Updated on March 2, 2018
GALAXY 59 profile image

Galaxy is a wife and mother of three, her relationships are a work in progress, she suspects this is just the way life goes.

Tips for a Healthy Relationship.

There are no hard and fast rules when it comes to relationships, each one is unique but there are a few tips that might help keep your relationship healthy.

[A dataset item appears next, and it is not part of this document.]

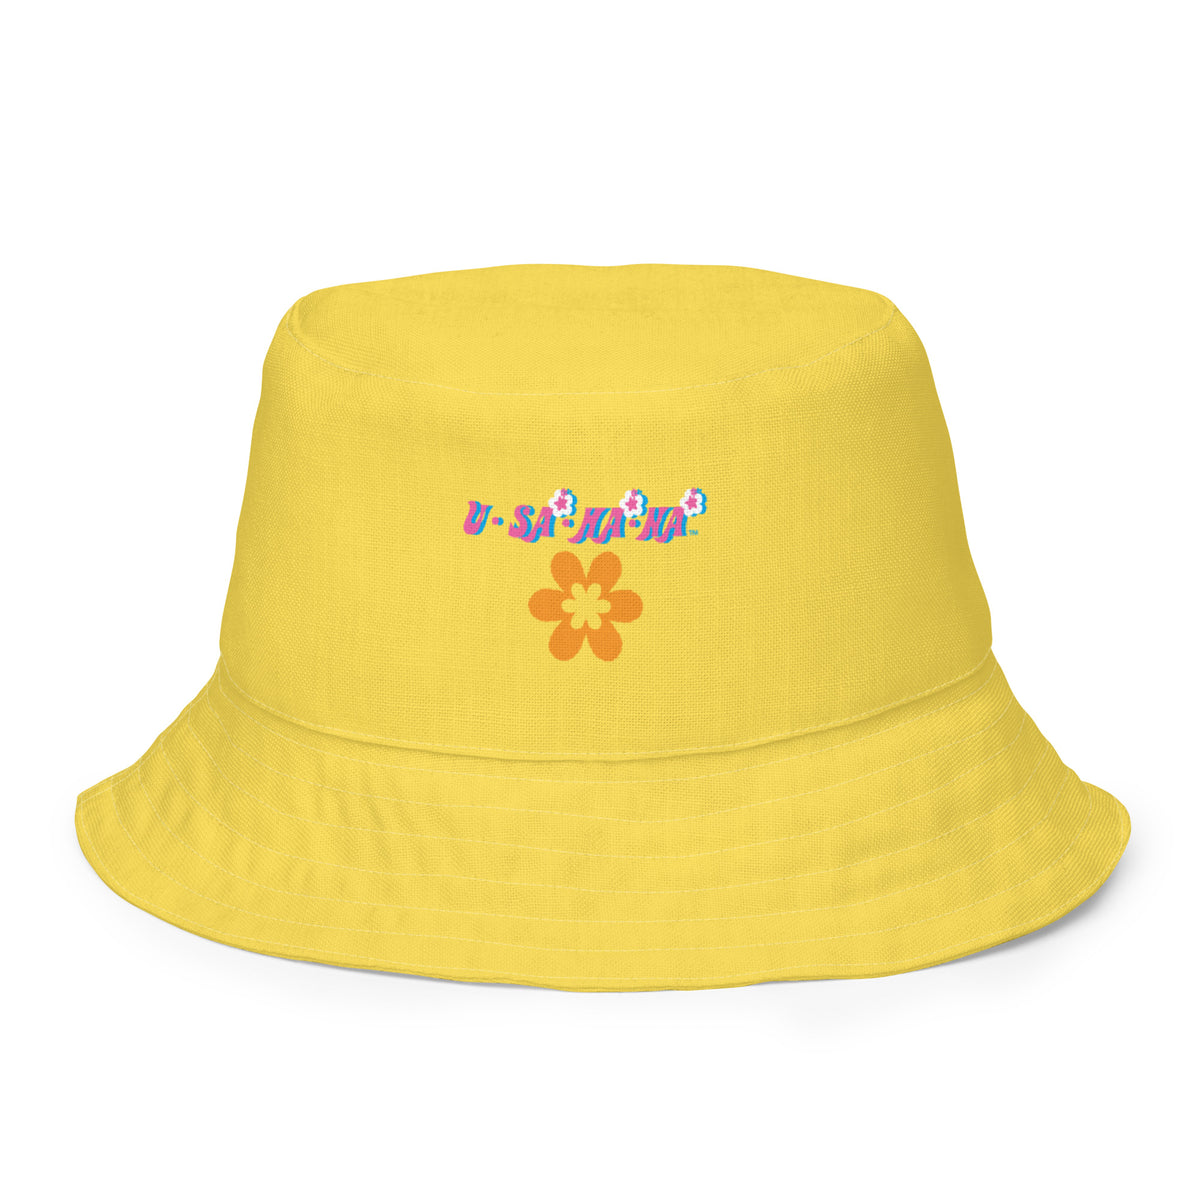 U*SA*HA*NA Pool Party Reversible Bucket Hat, L/XL

Secrets have no place in a close relationship. Never try to keep a secret from someone you are close to, it will never end well. Secret birthday parties are an exception, as is that secret bar of chocolate you allow yourself at the end of a long, hard day. A secret glass of wine is also acceptable, but a whole bottle or two isn't.

2.) Lies.

Unless you are the worlds most honest person you will always tell the odd little fib or white lie. No, your bum doesn't look big in that - is acceptable as the truth might really hurt the other person, but - I was working late at the office and didn't go anywhere near a strip club is a lie too far.

3.) Trust.

All good relationships need mutual trust, trust is like hair, once it's gone, it's gone! To maintain trust you need to get 1) and 2) right.

4.) Compromise.

For any relationship to work well you need to be flexible and open to understanding the other person's point of view and needs. You have to be able to compromise. This does not mean eating a huge pile of brussels sprouts just because your partner loves them! Love might make you blind but it doesn't destroy your taste buds.

5.)Talk and listen.

Set aside a little time each day to really talk to each other, maybe over dinner. And don't forget that talking also involves listening to what the other person is saying, it sounds obvious but time and time again people part because they say that their partner never listened to them.

6.) Space.

Make time for yourself. We all need our own space at times. Hanging on to your individuality can be hard when you are in a relationship, don't lose yourself when you become a couple. Learn how to keep your space and how to give it. Sometimes all a relationship needs to keep it fresh is the odd night out with the girls or the boys.

7.) Conflict.

Even the very best of relationships will involve conflict at some time, learning how to resolve conflict is as important as trying to avoid arguments in the first place. Never let a row fester over time, it will only get worse. Set some rules together about just what is and more importantly, what isn't, acceptable in a fight. I hope it goes without saying that getting physical is never the right thing to do. Learn how to let things go and how not to bear a grudge.

8.) Money.

Money, or the lack of it, can cause real trouble in a relationship, try to set out some ground rules before things get out of hand. Make any large spending decisions together, decide if you are going to have a joint account or keep your finances separate etc. If money worries get you down nominate a safe place, maybe the bedroom, where neither of you can talk about money, it really does help to know that you have somewhere to go in the home where you can get some peace.

9.) Change.

We all change over time and so do our relationships. You need to learn how to adapt to change, how to take a mental step back when your partner starts telling you the same story for the third time that day. Old age never comes alone!

10.) Fun.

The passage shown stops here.